Let $p$ be the probability that a uniformly random permutation is a derangement. In a given iteration, our algorithm will therefore complete with probability $p$ and continue with probability $1-p$. Thus, we can think of the algorithm as a sequence of independent trials with success probability $p$, where the runtime is given by the number of trials before the first success. That is, the runtime is given by a geometric distribution, which has expectation $1/p$. We can therefore complete the analysis by estimating $p$.
For a uniformly random permutation $\pi$, let $A_i$ be the event that $i$ is mapped to its own position for $i=1,\dots,n$. The probability that $\pi$ is a derangement can therefore be expressed as $P(\overline{A_1} \cap \overline{A_2} \cap \dots \cap \overline{A_n})$. Observe that these events are not independent. The probability $P(\overline{A_i})$ is simply $(1 - 1/n)$ since $i$ has a $1/n$ chance of being mapped to its own position. However, we can argue that $P(\overline{A_i} | \overline{A_1} \cap \dots \cap \overline{A_{i-1}}) \geq P(\overline{A_i})$ since knowing that none of the first $i-1$ elements mapped to their own positions can only decrease the likelihood that $i$ maps to its own position. Thus, we can proceed to bound $p$ from below as
\[ P(\overline{A_1} \cap \overline{A_2} \cap \dots \cap \overline{A_n}) \geq P(\overline{A_1})P(\overline{A_2})\cdots P(\overline{A_n}), \] the right-hand side of which equates to $(1 - 1/n)^n$. Using the definition
\[e^x = \lim_{n \to \infty} \left( 1 + \frac{x}{n} \right)^n \] it follows that $p \geq 1/e$ as $n \to \infty$.
We have not yet made any claim to how accurate this estimate is, but rest assured that this (yet another) surprise appearance of the illustrious $e$ is no coincidence. To better bound this estimate we will employ the inclusion-exclusion principle. The argument goes as follows.

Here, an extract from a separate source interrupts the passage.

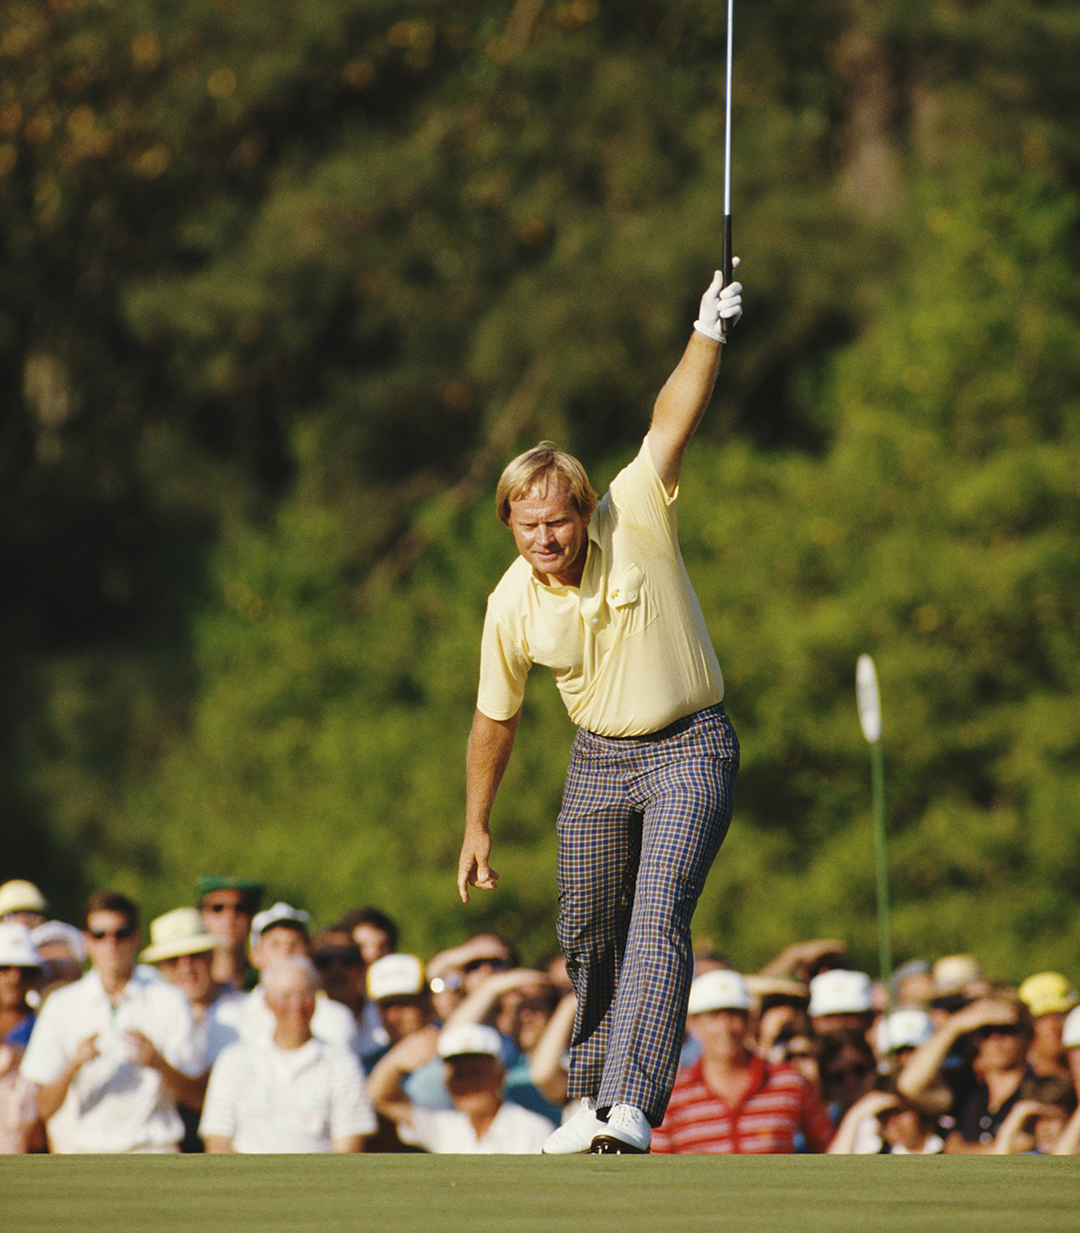 Jack Nicklaus at the 1986 Masters. Courtesy of David Cannon/Getty Images

Suppose we start with the trivial approximation that all permutations are derangements. This approximations gives the crude estimate $p \approx 1$. We can improve this by discounting all permutations in which $i$ occurs in its own position for $i = 1,\dots,n$. That is, we can estimate
\[ p \approx 1 - \sum_{i=1}^n \frac{1}{n} \] since $i$ occurs in its own position with probability $1/n$. This approximation gives the slightly less crude estimate $p = 0$. The error in this approximation is that we double counted. Permutations in which distinct $i$ and $j$ both occurred in their own positions where discounted twice, once for $i$ and once for $j$. Thus, we can improve our approximation by adding back these permutations, giving the estimate
\[ p \approx 1 - 1 + \sum_{1 \leq i < j \leq n} \frac{1}{n(n-1)} \] since the probability that distinct $i$ and $j$ both occur in their own positions is $1/(n(n-1))$. Computing the summation gives the slightly better estimate $p=1/2$. The error in this approximation is again a form of double counting. If all distinct $i$, $j$, and $k$ occurred in their own positions, we would have added them back twice (instead of once). Thus, we can repeat the argument to improve the estimate to
\[ p \approx 1 - 1 + 1/2 - \sum_{1 \leq i < j < k \leq n} \frac{1}{n(n-1)(n-2)} \] since the probability that distinct $i$, $j$, and $k$ occur in their own positions is $1/(n(n-1)(n-2))$. Computing this summation gives the improved estimate $p = 1/3$. If we continue this reasoning, eventually our summation will terminate with the $n$-th estimate, giving the exact probability
\[ p = \sum_{k=0}^n \frac{(-1)^k}{k!}. \] This summation is the first $n$ terms of the Taylor series for the exponential function $e^x$ evaluated at $x=-1$. Thus, we can conclude that as $n \to \infty$ $p \to 1/e$. Hence, the simple trial and error approach to generating a uniformly random derangement takes only $e=2.7182818...$ iterations on average. Not too shabby.
We leave you with a straightforward exercise:
Using Stirling's approximation and estimates on how often people play card games, show that no two truly random decks will ever, in human history, be the same (except with an inconceivably low probability).